• Exercise requirements
Transcribe the records exactly. Pictures do not belong in the transcription.

···

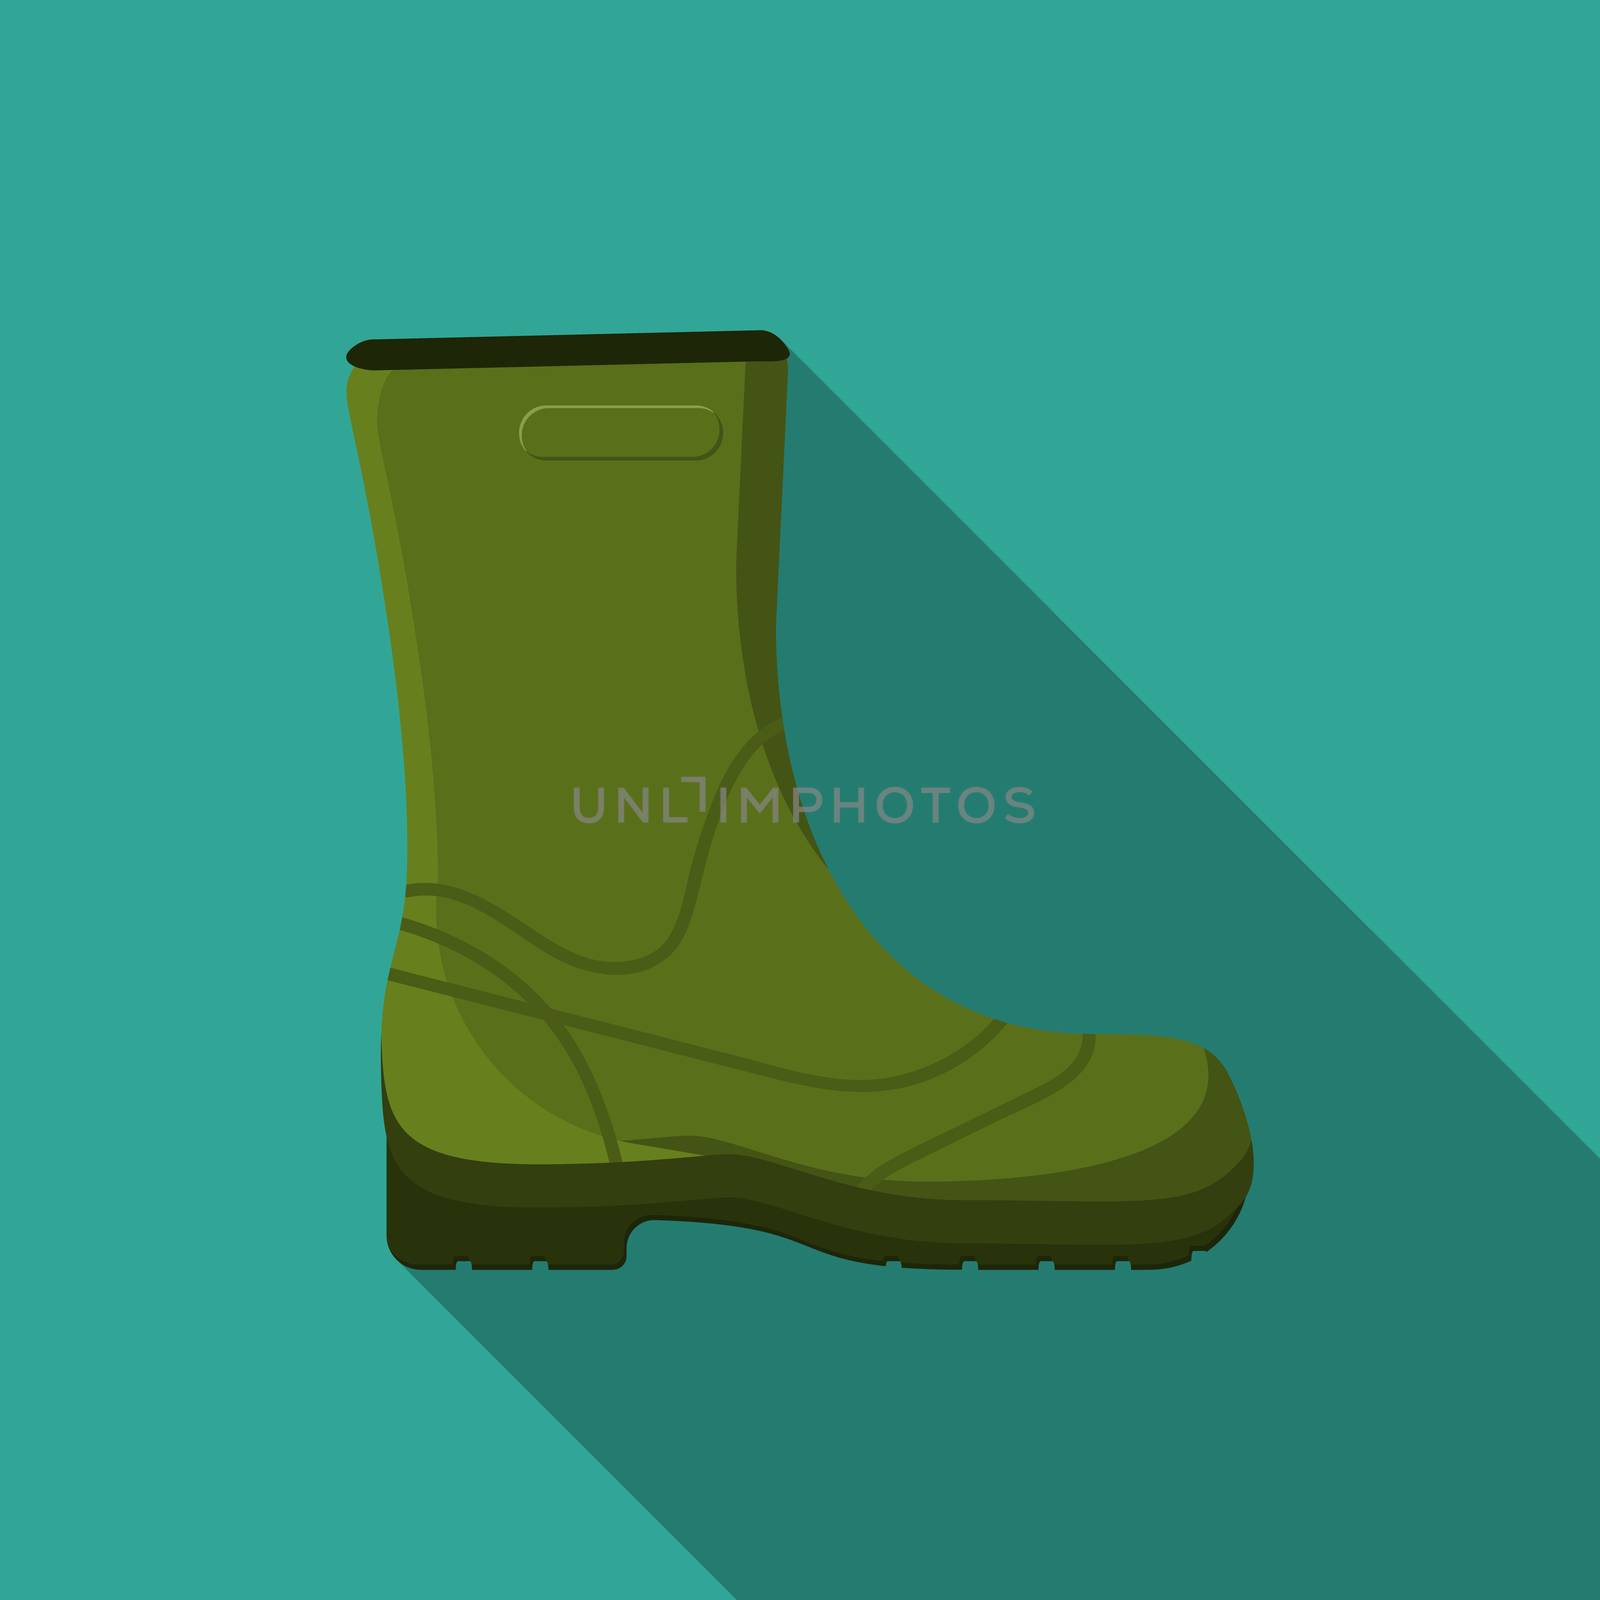 Flat design modern vector illustration of rubber boot icon, camping, hiking and fishing equipment with long shadow.
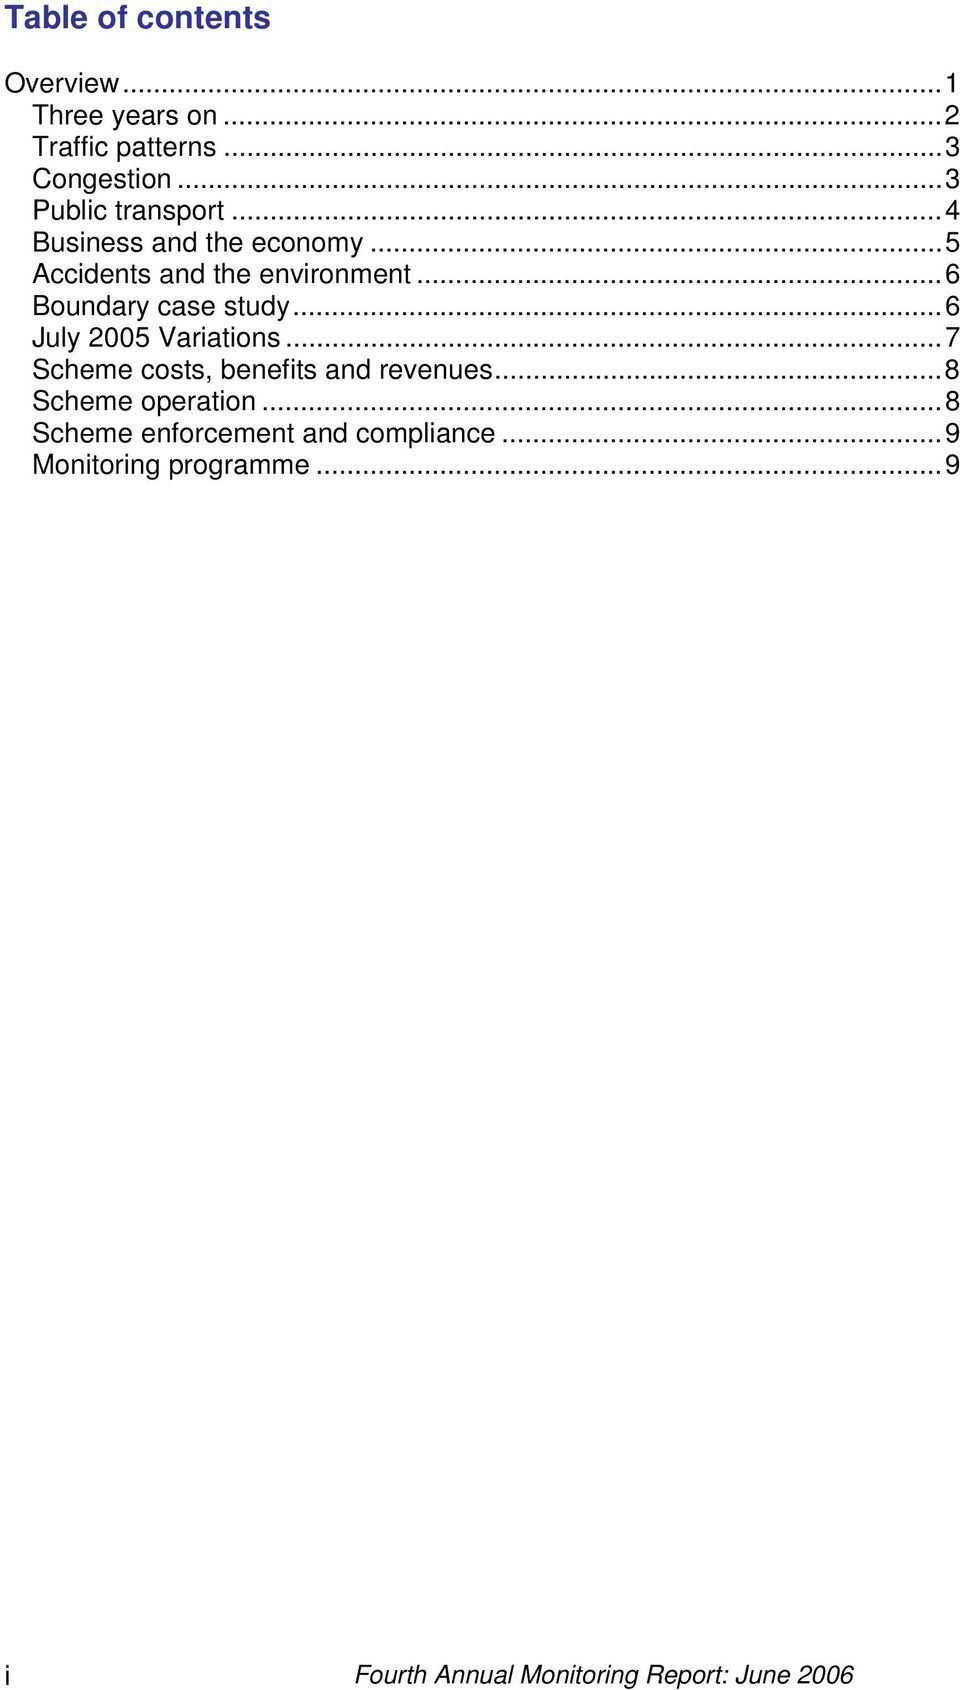 ..6 Boundary case study...6 July 2005 Variations...7 Scheme costs, benefits and revenues.
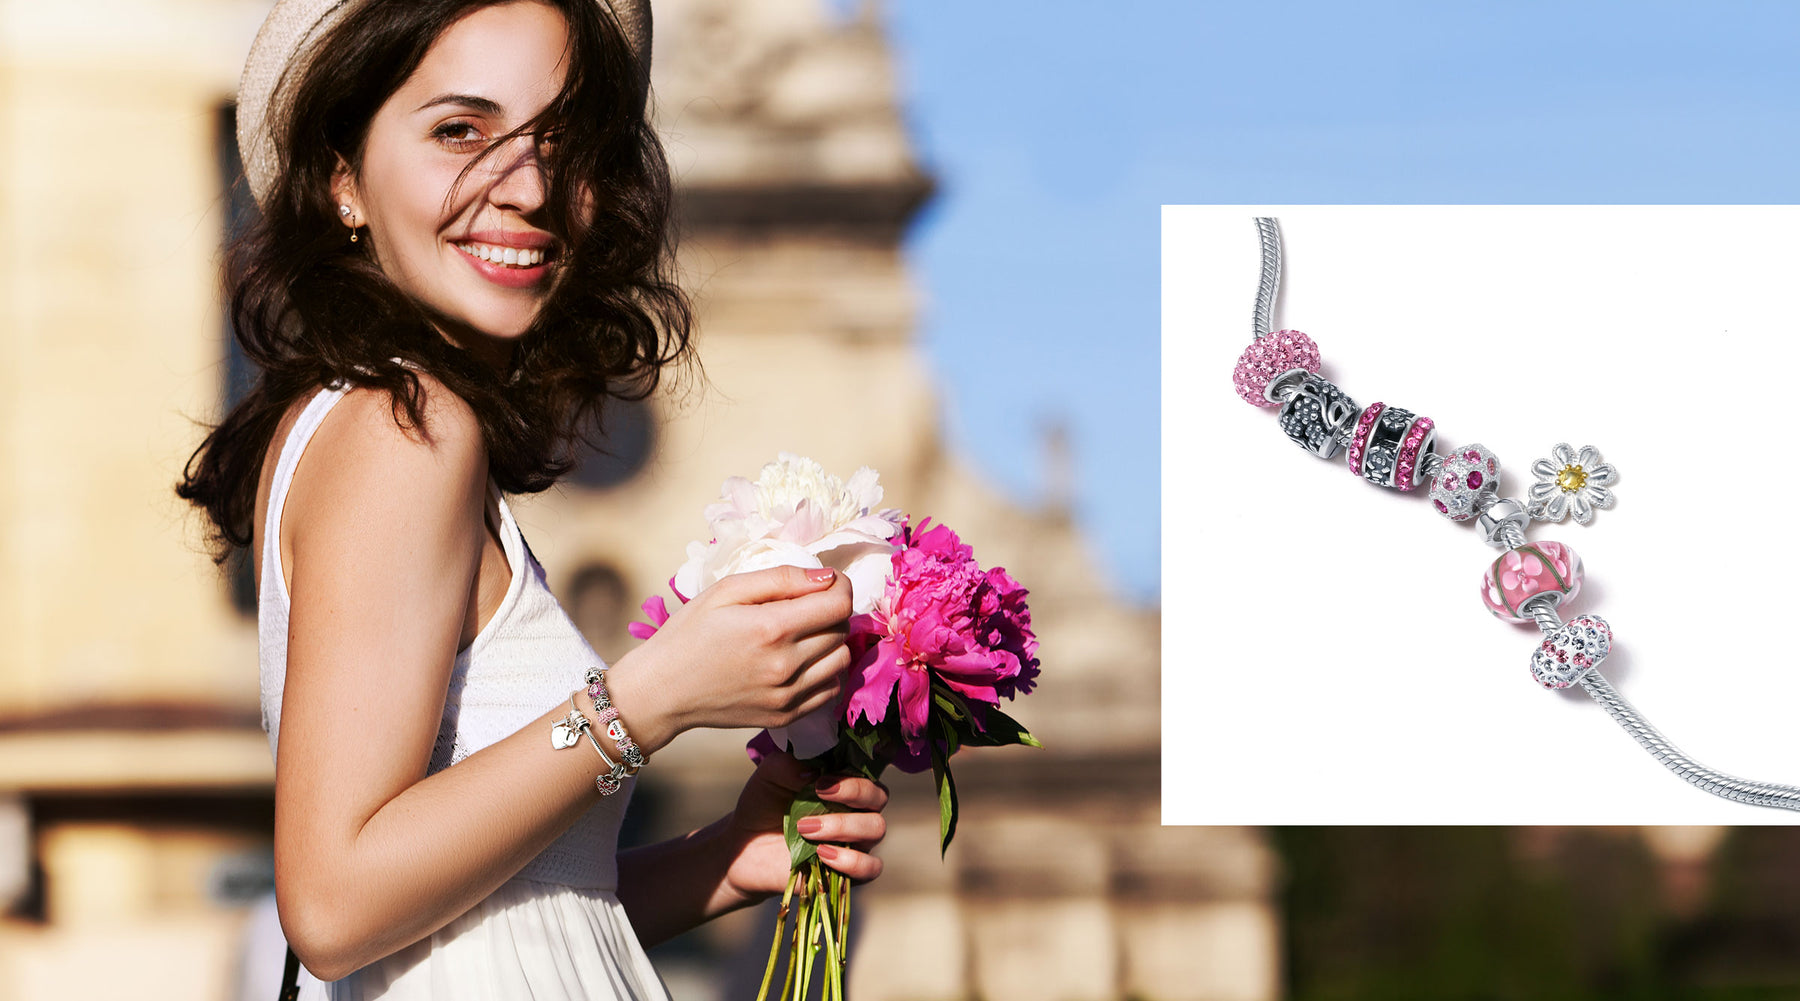 young woman smiling, wearing  charm bracelets and holding flowers
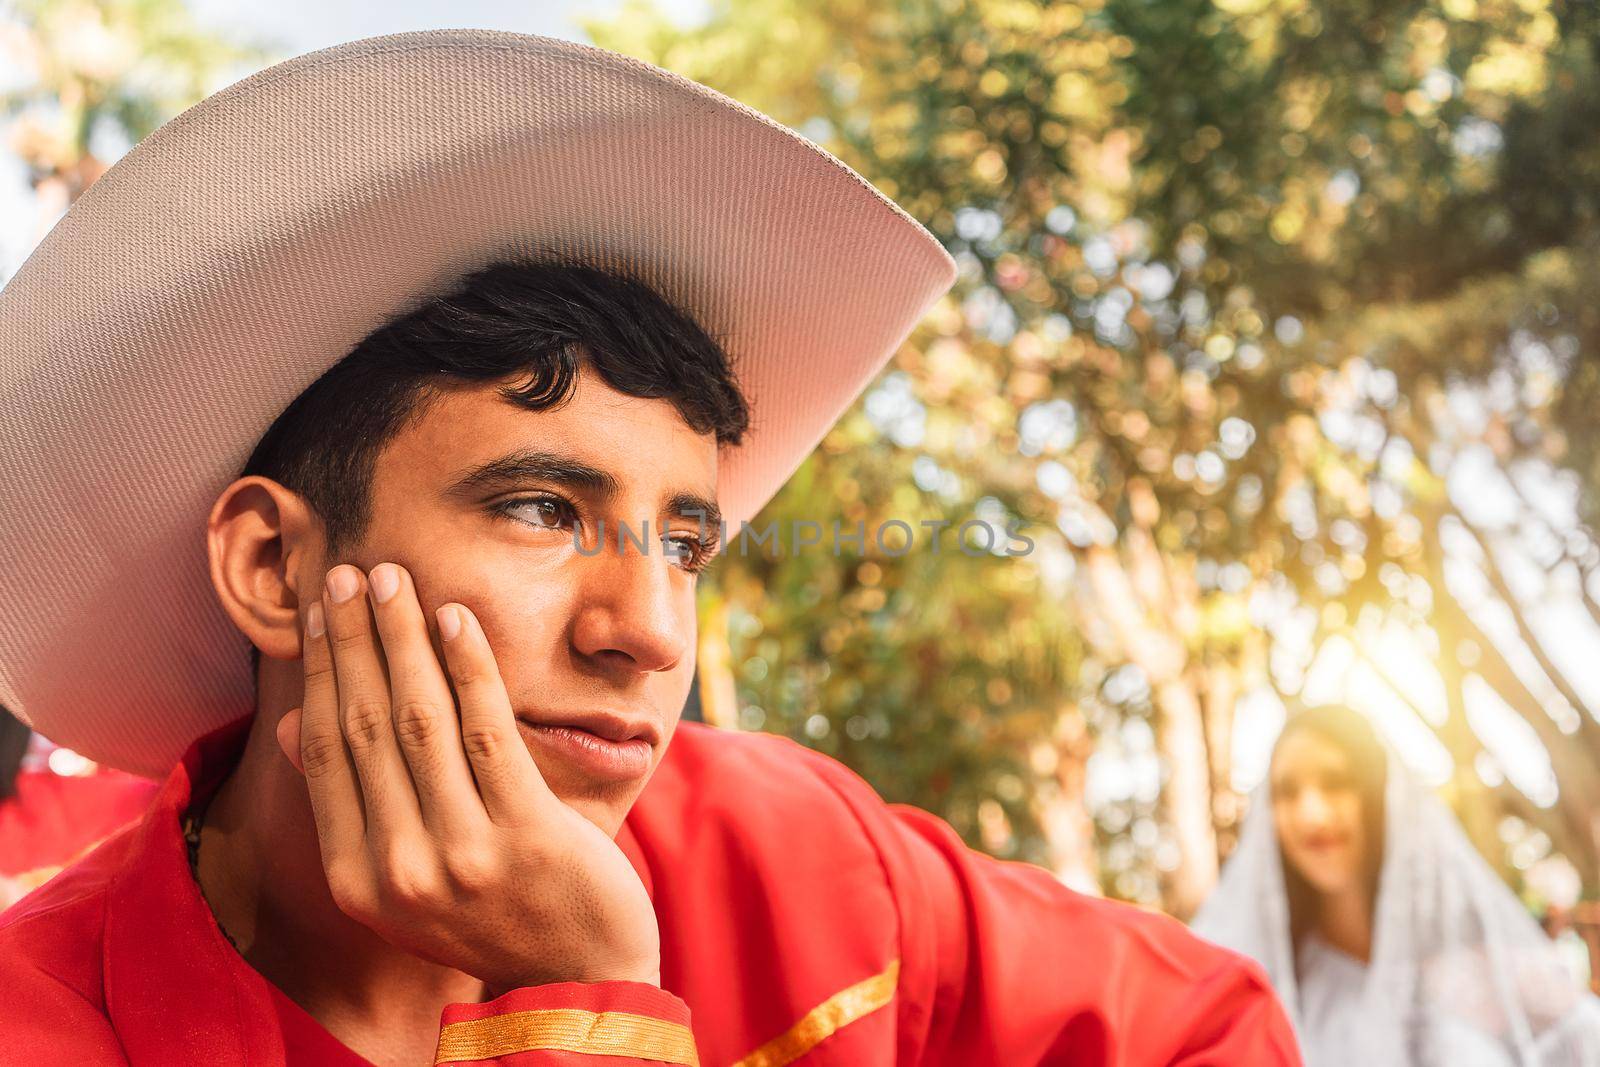 Latino teenager in love wearing traditional latinamerican clothes and hat outdoors in a park in Nicaragua by cfalvarez
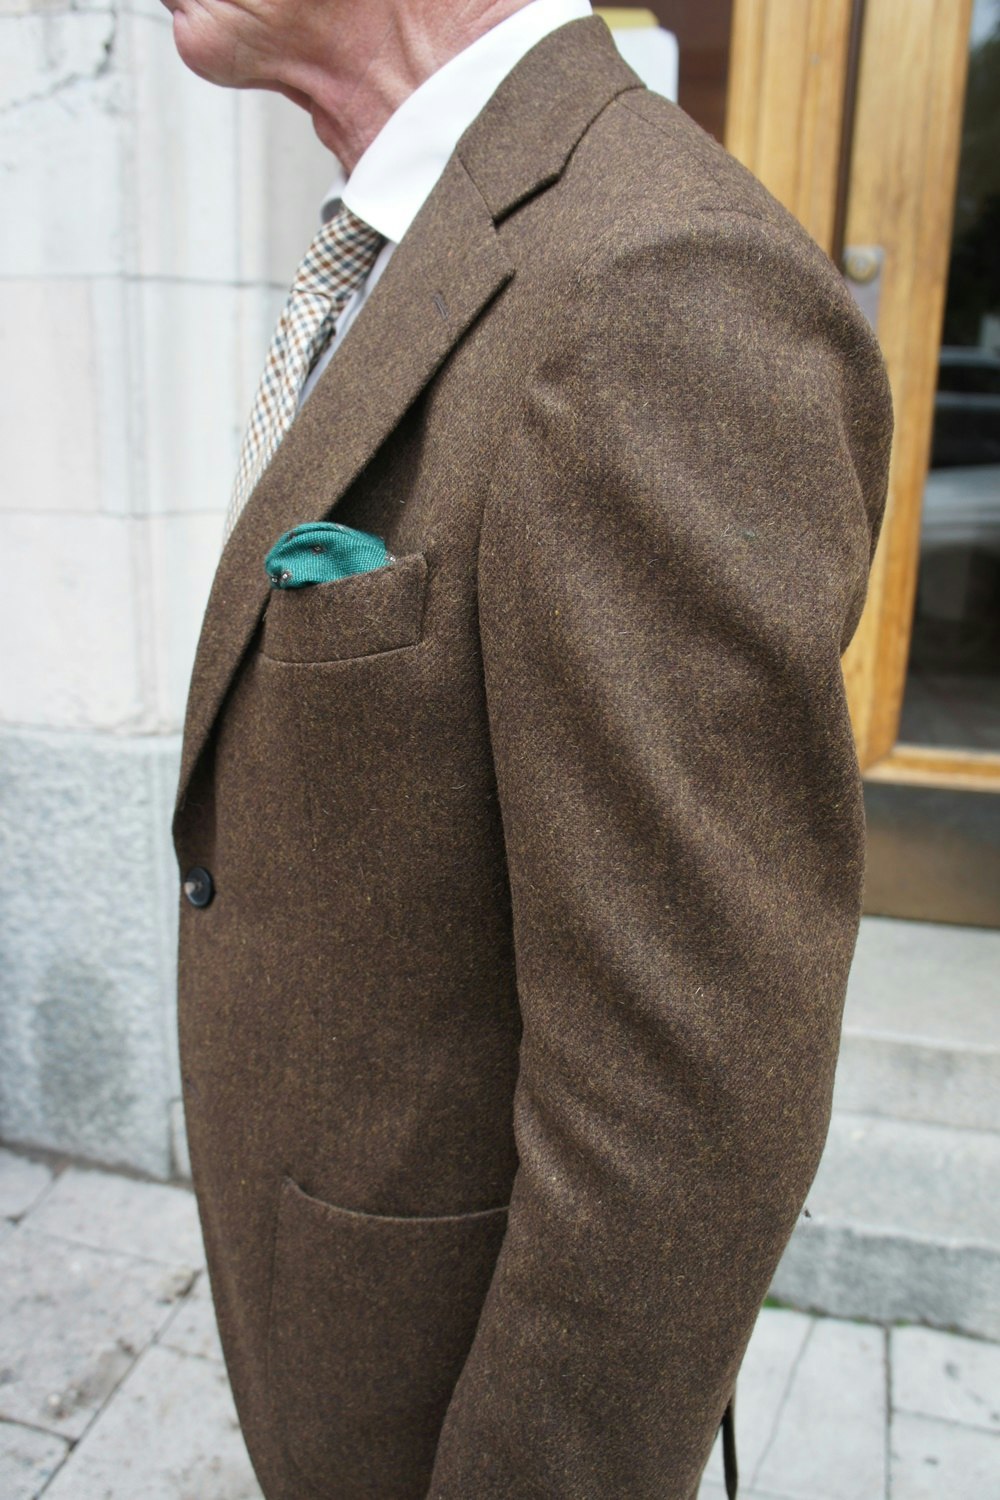 Solid Wool Jacket - Unconstructed - Brown

···

• Solution to this task
 Flat design modern vector illustration of rubber boot icon, camping, hiking and fishing equipment with long shadow.
 ..6 Boundary case study...6 July 2005 Variations...7 Scheme costs, benefits and revenues.
 young woman smiling, wearing  charm bracelets and holding flowers
 Latino teenager in love wearing traditional latinamerican clothes and hat outdoors in a park in Nicaragua by cfalvarez
 Solid Wool Jacket - Unconstructed - Brown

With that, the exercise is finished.